Barber C, Cayley A, Hanser T, Harding A, Heghes C, Vessey JD, Werner S, Weiner SK, Wichard J, Giddings A, Glowienke S, Parenty A, Brigo A, Spirkl HP, Amberg A, Kemper R & Greene N (2016). Evaluation of a statistics-based Ames mutagenicity QSAR model and interpretation of the results obtained. Regulatory Toxicology and Pharmacology 76, 7-20.
Specific details on test material used for the study:
Smiles: OCCCCC(O)CO
Genotoxicity:
negative
Remarks on result:
no mutagenic potential (based on QSAR/QSPR prediction)

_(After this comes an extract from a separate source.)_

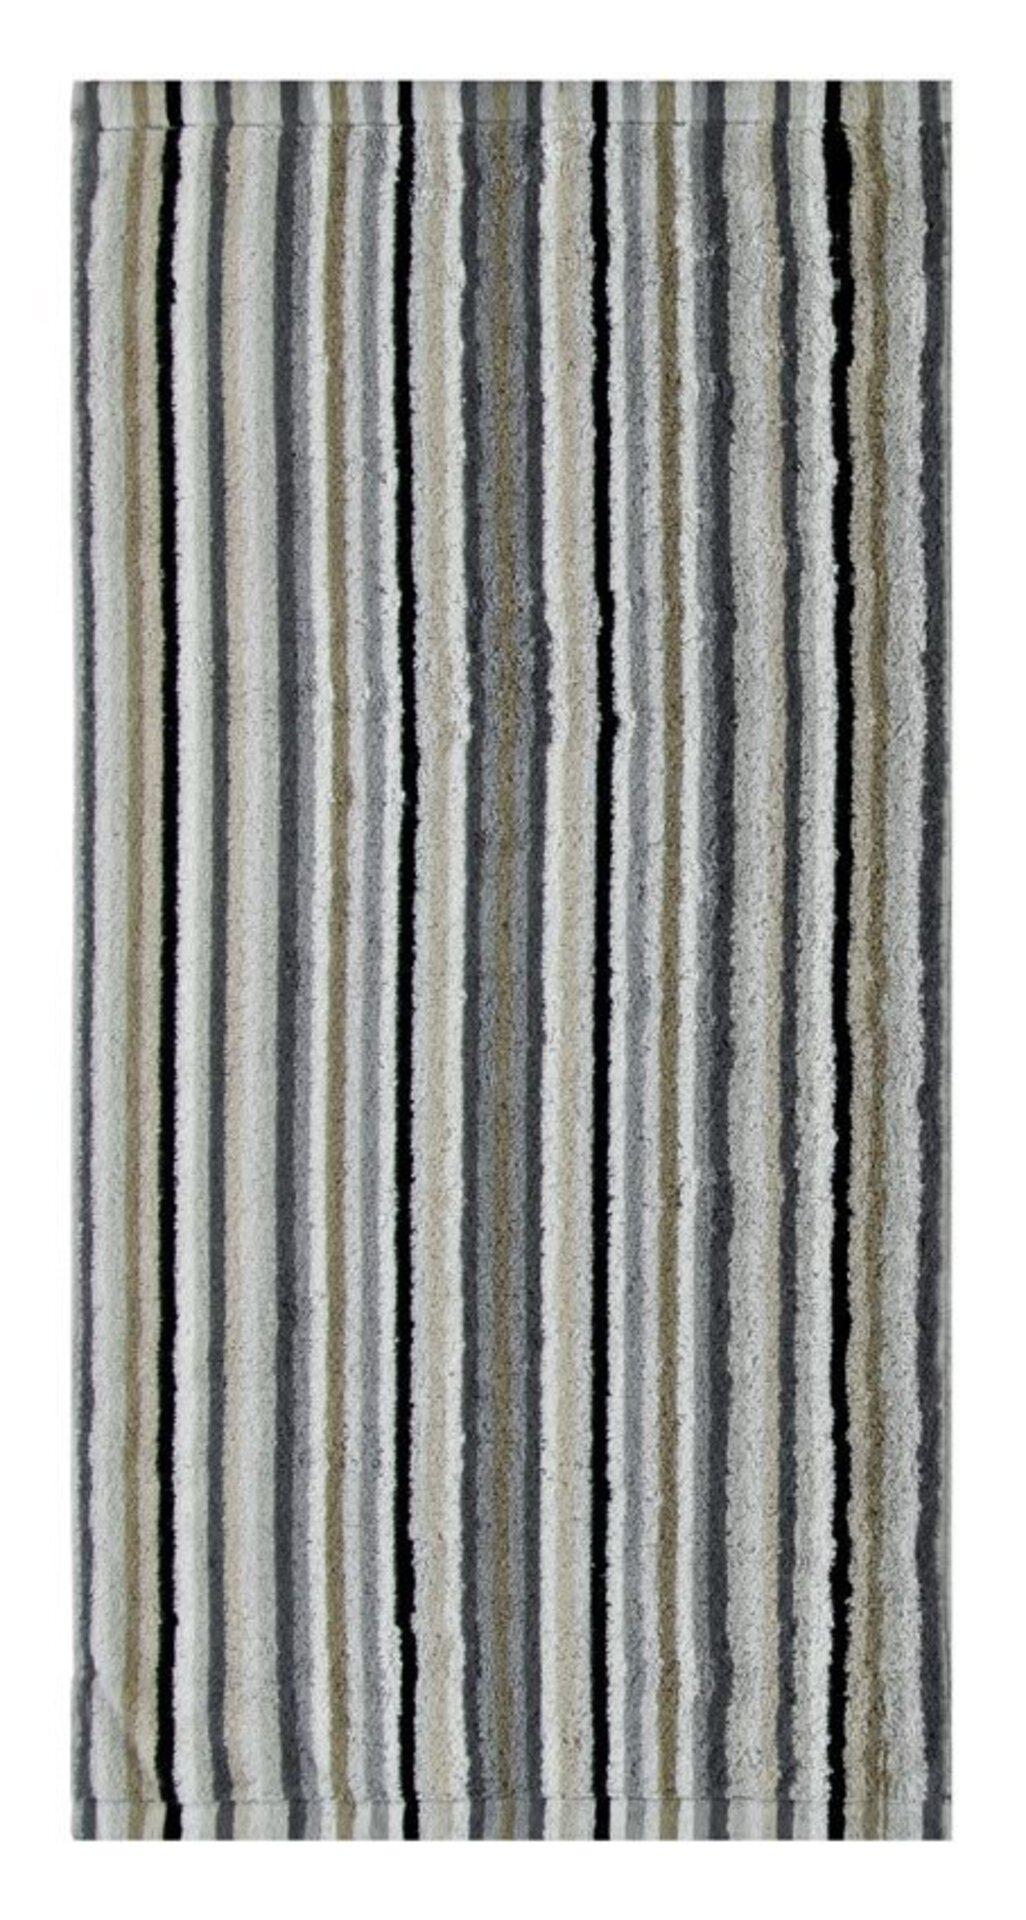 Duschtuch Lifestyle Cawö Textil 70 x 140 cm

The compound is predicted to be negative with 67% confidence for the 'Mutagenicity in vitro' endpoint in the model: 'Sarah Model - 1.1.19'. Supporting hypotheses containing similar examples from the training set have been found.

Conclusions:
The described Sarah Nexus prediction represents a reliable prediction for negative mutagenicity of the test item and is therefore considered adequate supportive to fulfill the information requirement for bacterial mutagenicity.
Endpoint conclusion
Endpoint conclusion:
no adverse effect observed (negative)

Additional information

Justification for classification or non-classification

The Derek Nexus prediction represents a high-confidence prediction for negative mutagenicity of the test item and is therefore considered adequate to fulfill the information requirement described in Annex VII section 8.4.1. It is supported by the Sarah Nexus prediction, which also represents a reliable prediction for negative mutagenicity of the test item. Thus, no further information on the endpoint mutagenicity for an Annex VII registration is required and according to Regulation (EC) 1272/2008, the data are conclusive but not sufficient for classification.